The throttle body ports controlling the EGR system can be partially blocked. I helped one guy clear it up after he cleaned the throttle body and the ports got plugged up and then the engine knocked on acceleration. Also, replacing the fuel filter can help rid the start-up knocking in a 5S-FE. The lower flare nut can be a bear to remove and the filter is supposed to be lifetime. Was your fuel filter ever replaced? Iridium plugs that can burn leaner mixtures can also help. But I am not sure if yours is the same problem, maybe others can chime in.

It's probably not interal oil leaks (piston rings or valve stems) because you are not using oil. Is there blue smoke on cold starts? Oil reduces the octane count and contributes to detonation.

J.Lef wrote:

Reply to
johngdole

A good mech knows what to do, check everything. But knocking nornaly is the timing is to advanced or pre-ignition, the fuel is igniting well before the piston reaches top center, although to far advanced you loose power. the oposite is a stretched belt, it retards timing and reduces power economy. It could be set to advanced, you can buy a 15$ timing light and see yourself, there are 2 wires to jump T & E1 on the terminal block, if you want to do it yourself its a easy 5 minute job. But lack of power-milage, look at a blocked Cat converter, bad o2 sensor. draging brakes or bearings. Have you ever checked or changed the differential oil, it is seperate from the trans and can only be done from a lift with special wrench. There is also an engine knock sensor, but first try a timing light, fix the knock it might be your whole issue. One idea go see if the distributor was left loose, go and try to turn it, a mechanic might have forgot, this could be your whole problem.

Reply to
m Ransley

He said high octane stopped the knock, so its pre ignition, not a lean mix, its timing related.

Reply to
m Ransley

Reply to
Daniel

Octane is the anti-knock index. Higher octane gas can better resist detonation. But an engine that calls for regular gas should be running on regular gas. High octane gas is just a temporary fix. Lean mixture, as well as advanced timing, can lead to increased combustion temperatures and detonation.

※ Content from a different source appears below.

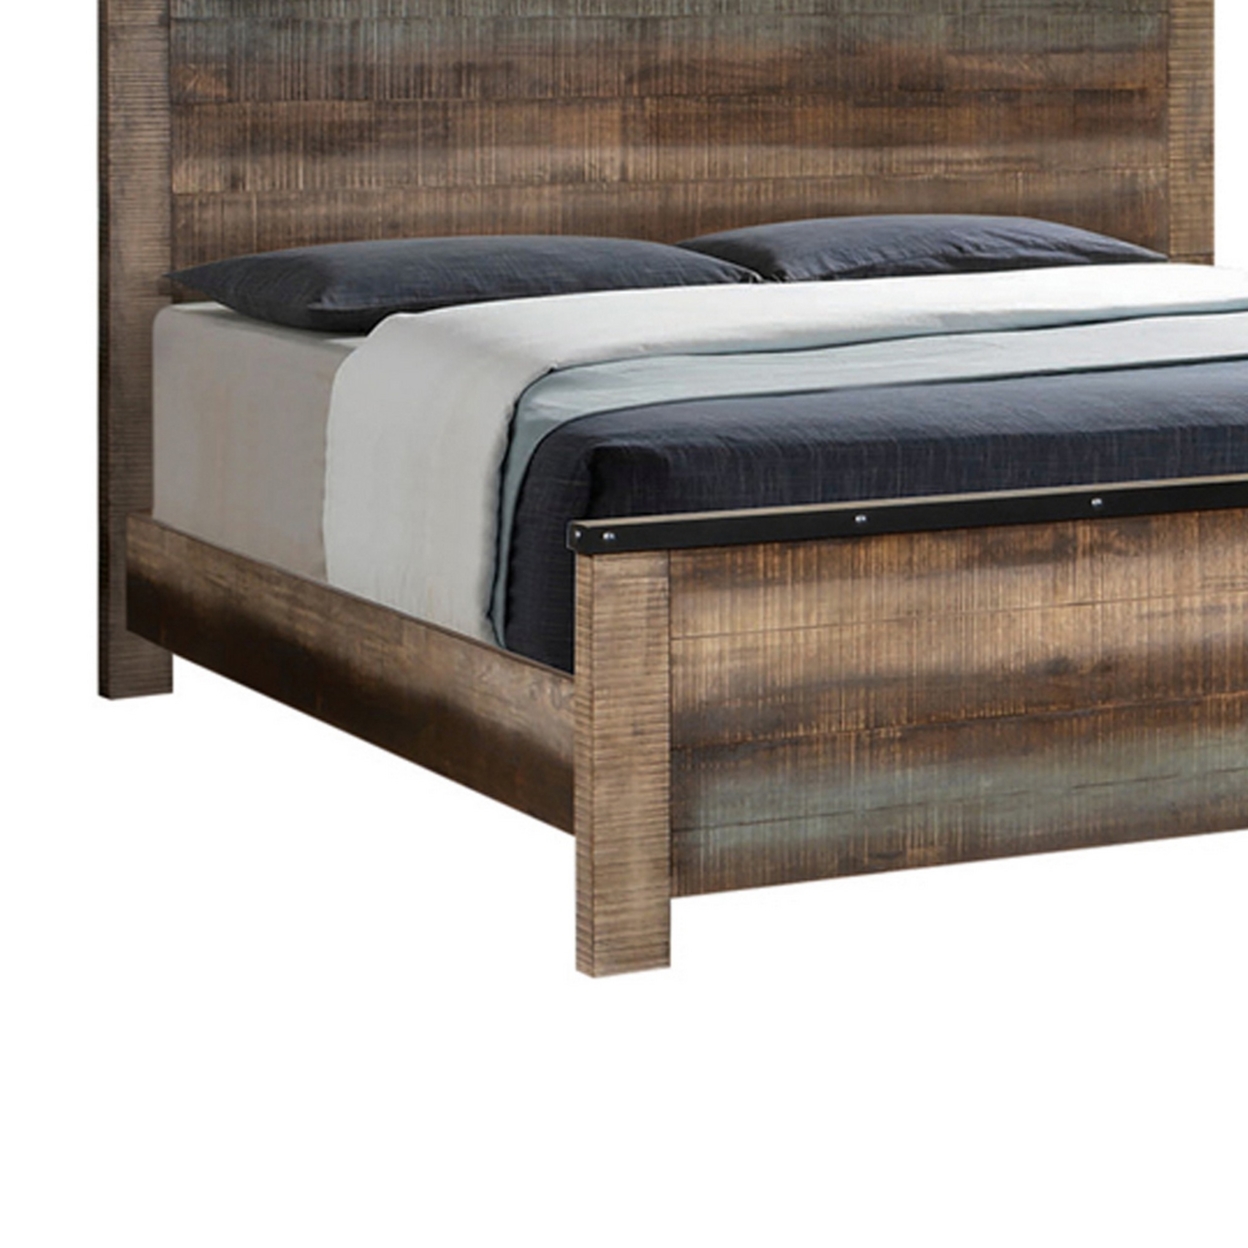 Plank Style Rustic Queen Bed With Metal Edge, Multicolor- Saltoro Sherpi

Preignition is caused by excessively hot cylinder components, a condition unlike detonation, exists typically in only a small number of cylinders. Hot valves, carbon particles, or even a spark plug not able to properly dissipate heat can be the causes.

m Ransley wrote:

Reply to
johngdole

jongdole I agree with you in your paragraph one but not that preignition is caused by excessivly hot components, it can an does happen with cold motors running crap gas like I used to get in Europe when we brought over in 67 a 67 390 Ford with relativly high compression, It was designed for high octane. Most gas just could not handle the 390s compression, pouring in a gallon of alcohol per tank was our only cure for many years, alcohol raises the flash point. Preignition is in simple terms gas igniting by itself prematurely, an excessively hot condition does not need to exist with poor crap gas. But im sure the OP has good gas so it is possible he is hot but more likely his timing is just way off.

Reply to
m Ransley

OP said the car is an "old lady" car. I'll bet there's plenty of carbon built up on the pistons and everywhere else. They need to try some of that top cylinder cleaner GM sells (I assume they still sell that stuff) and to clean the EGR and passages (as was already suggested).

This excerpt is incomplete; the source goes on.